Friday, October 25, 2013

Inspirations: Hârn

Many of us who were around back in the day recall the memorable ads for Columbia Games' Hârn that ran in Dragon magazine throughout the early to mid 80s. I took note of them at the time, and one of the local hobby stores near me carried some of the product line, which I'm certain I at least leafed through. For whatever reason, though, it didn't take — I just didn't get it. My guess is that the detailed campaign material just ran well over my early teenaged head.

Cut to many years later. In the early 90s I had just left college for the first time and was looking for a campaign. There was an ad for a Rolemaster game on the board at a local hobby shop in Lakewood, Ohio. At that point I has owned the books for Rolemaster for some time but hadn't yet played, so I made the call and set up a meeting with Dave, the GM, to talk it over. Rolemaster I didn't need to be sold on... but Dave began to show me some really amazing-looking setting material for Hârn, that campaign world that I remembered from all those years before, but had more or less ignored at the time. He kept most of the written material close to the vest, of course. But he showed me the full-color heraldry, the calendar of religious holidays, the writeups of the deities and the glorious, glorious maps.

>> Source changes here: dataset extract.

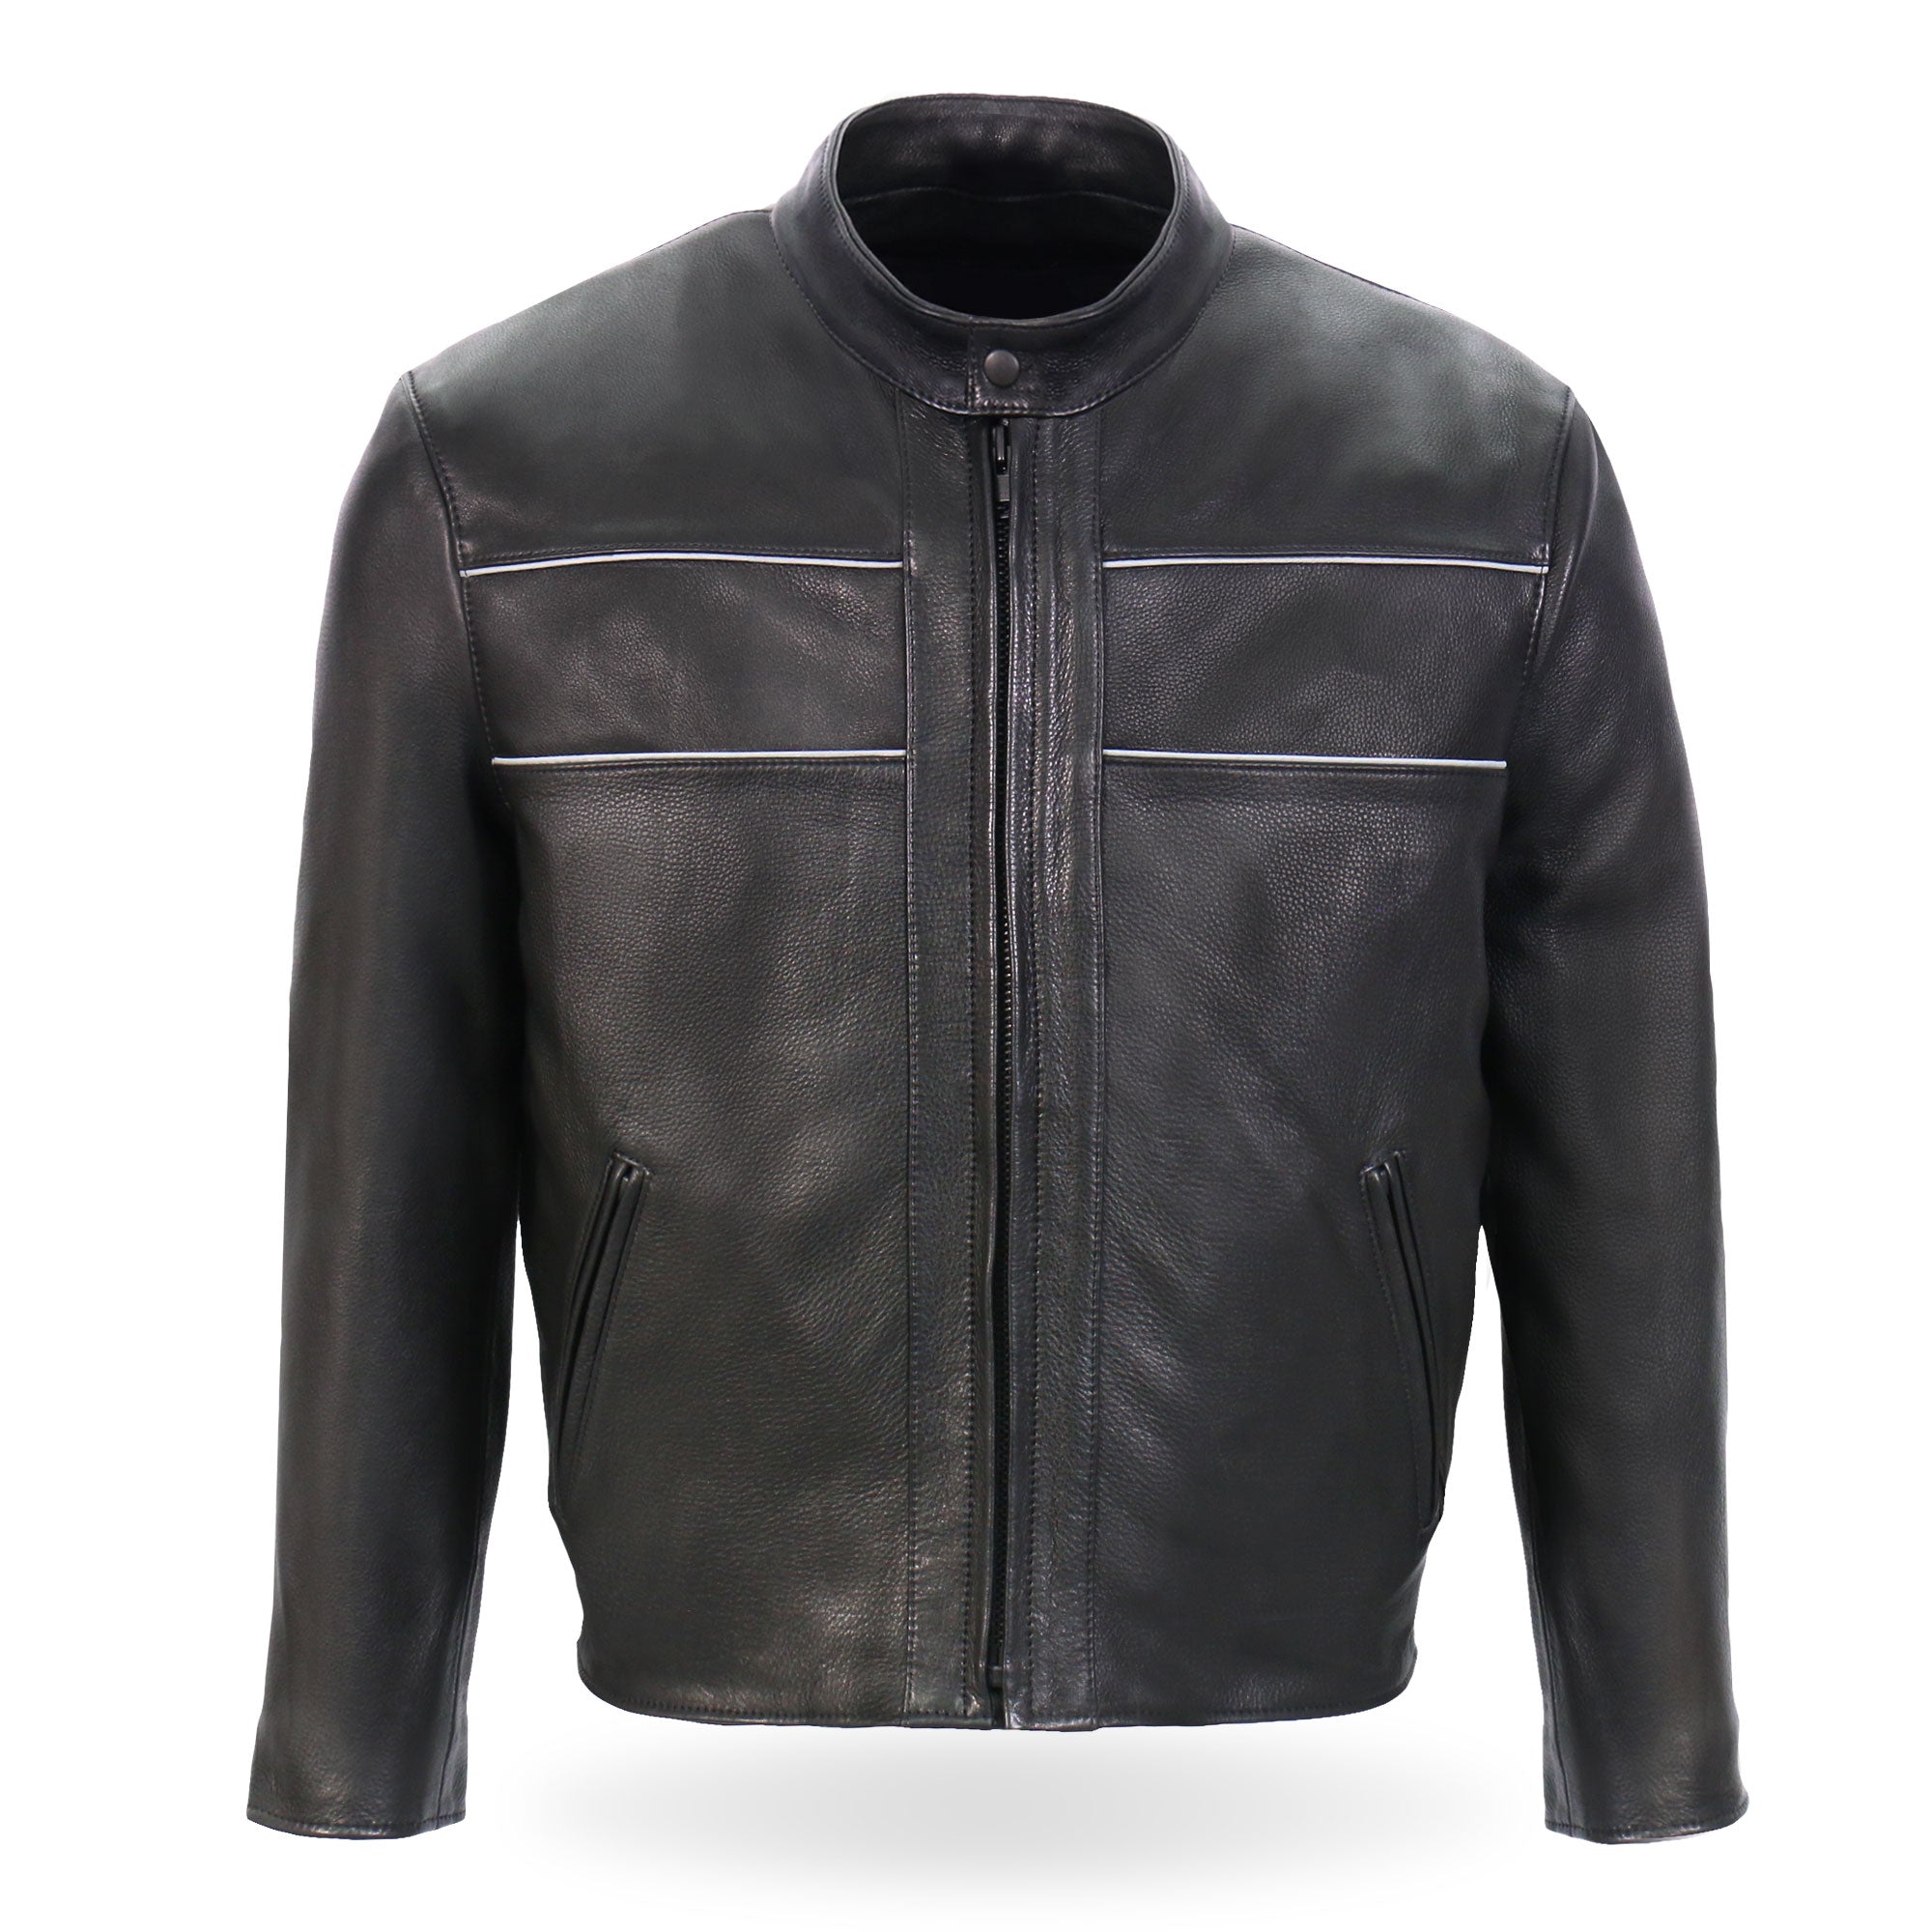 Hot Leathers JKM1032 Men’s Black ‘Skull Flag' Printed Leather Jacket with Concealed Carry Pockets - Black / Medium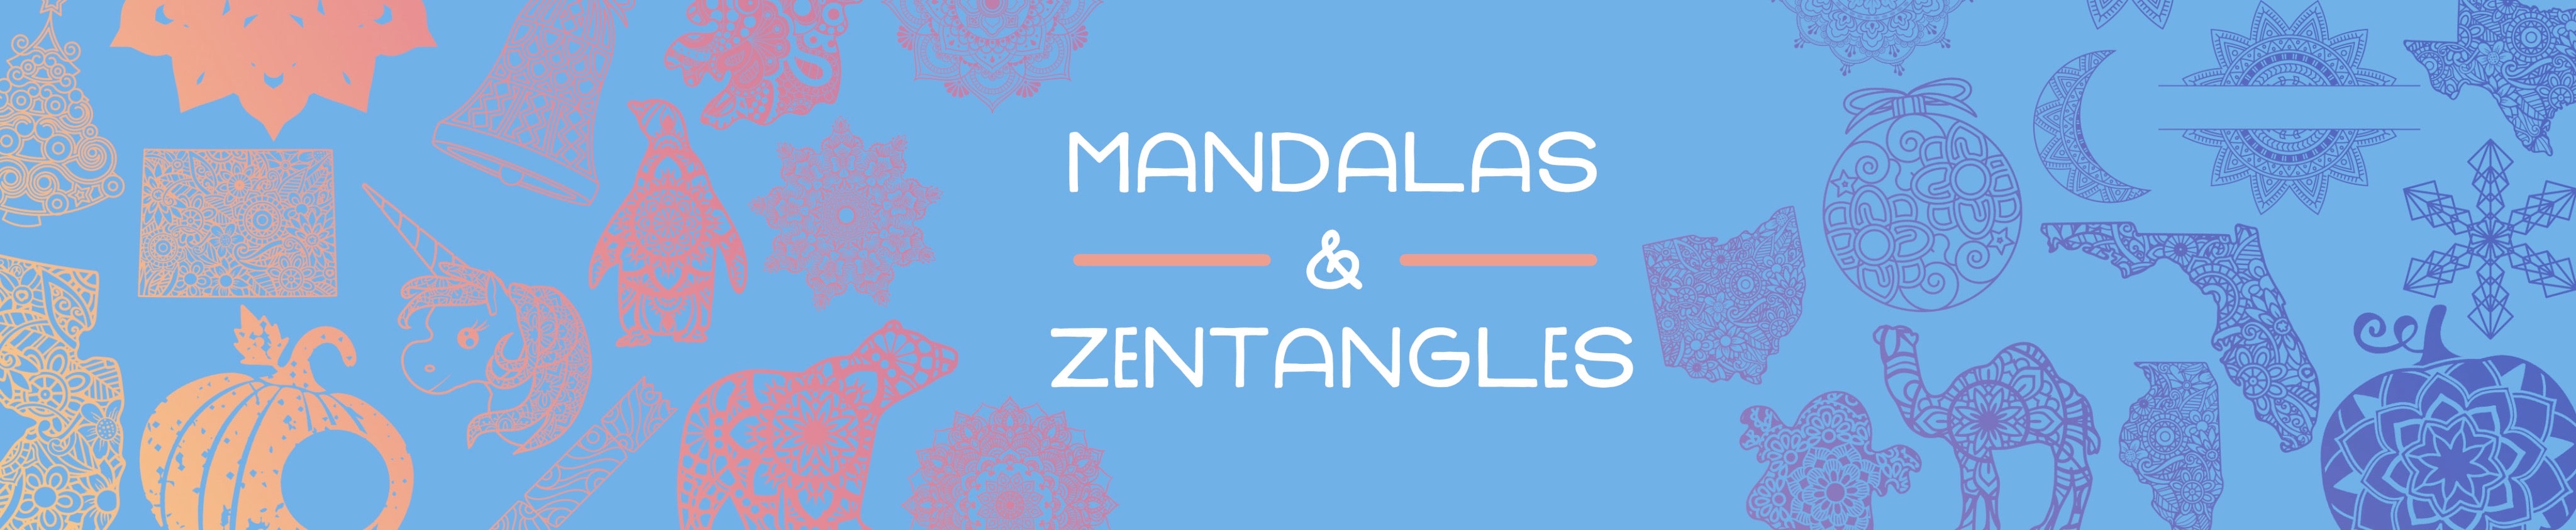 Commercial Free Mandala SVG Designs

The full-color "regional" Hârn are done in a cartographic style by the setting's creator, the late N. Robin Crossby. Both beautiful and absolutely packed with information, they are the gold standard for RPG maps, and have in my judgement never been equaled for their combination of utility and aesthetic appeal. The local and kingdom-level maps are almost as stunning and just as useful, and the written background material is both rich and engaging, at least if you like Hârn's very medieval and somewhat low-fantasy approach.

It wasn't long before I started to collect Hârn stuff of my own. Some of that product had become quite hard to find by the mid 90s. Inevitably, I wanted to run campaigns set there myself... but it would be quite a while for that to really come to fruition. The product line evolved interestingly after that original core set; over the course of a number of Kingdom Modules covering the human and nonhuman nations of Hârn in immense detail, as well as a series of Encyclopedia Hârnica volumes that expanded on various other topics, the island of Hârn became increasingly thoroughly filled-in. At this point, although Hârn proper has seen relatively little development in recent years (but see below) almost every site or topic of interest on the island has a multi-page article about it. It's a perfect example, according to the tastes of some, of too much setting material filling in every imaginable gap until the GM has little room to maneuver.

I say that's misleading. Obviously, some GMs, happy to riff off of published material, thrive in settings that are very detailed out of the box. Also, in order for this to be true you have find all the material, which in the case of Hârn could be fairly difficult to do. And you have to make the decision to care about all that supplemental stuff. I say that the HarnWorld core set  has everything you need for a splendid and very loose sandbox campaign, including Hârn-specific encounter tables, travel and weather rules. If the relatively low implied amount of magic isn't enough for your tastes, you can always add more. If you do need or want more material, It's out there in spades. And the Hârn setting materials are system-free; you can use them with any rules set you like, although there is a set of dedicated HârnMaster rules that does some interesting things.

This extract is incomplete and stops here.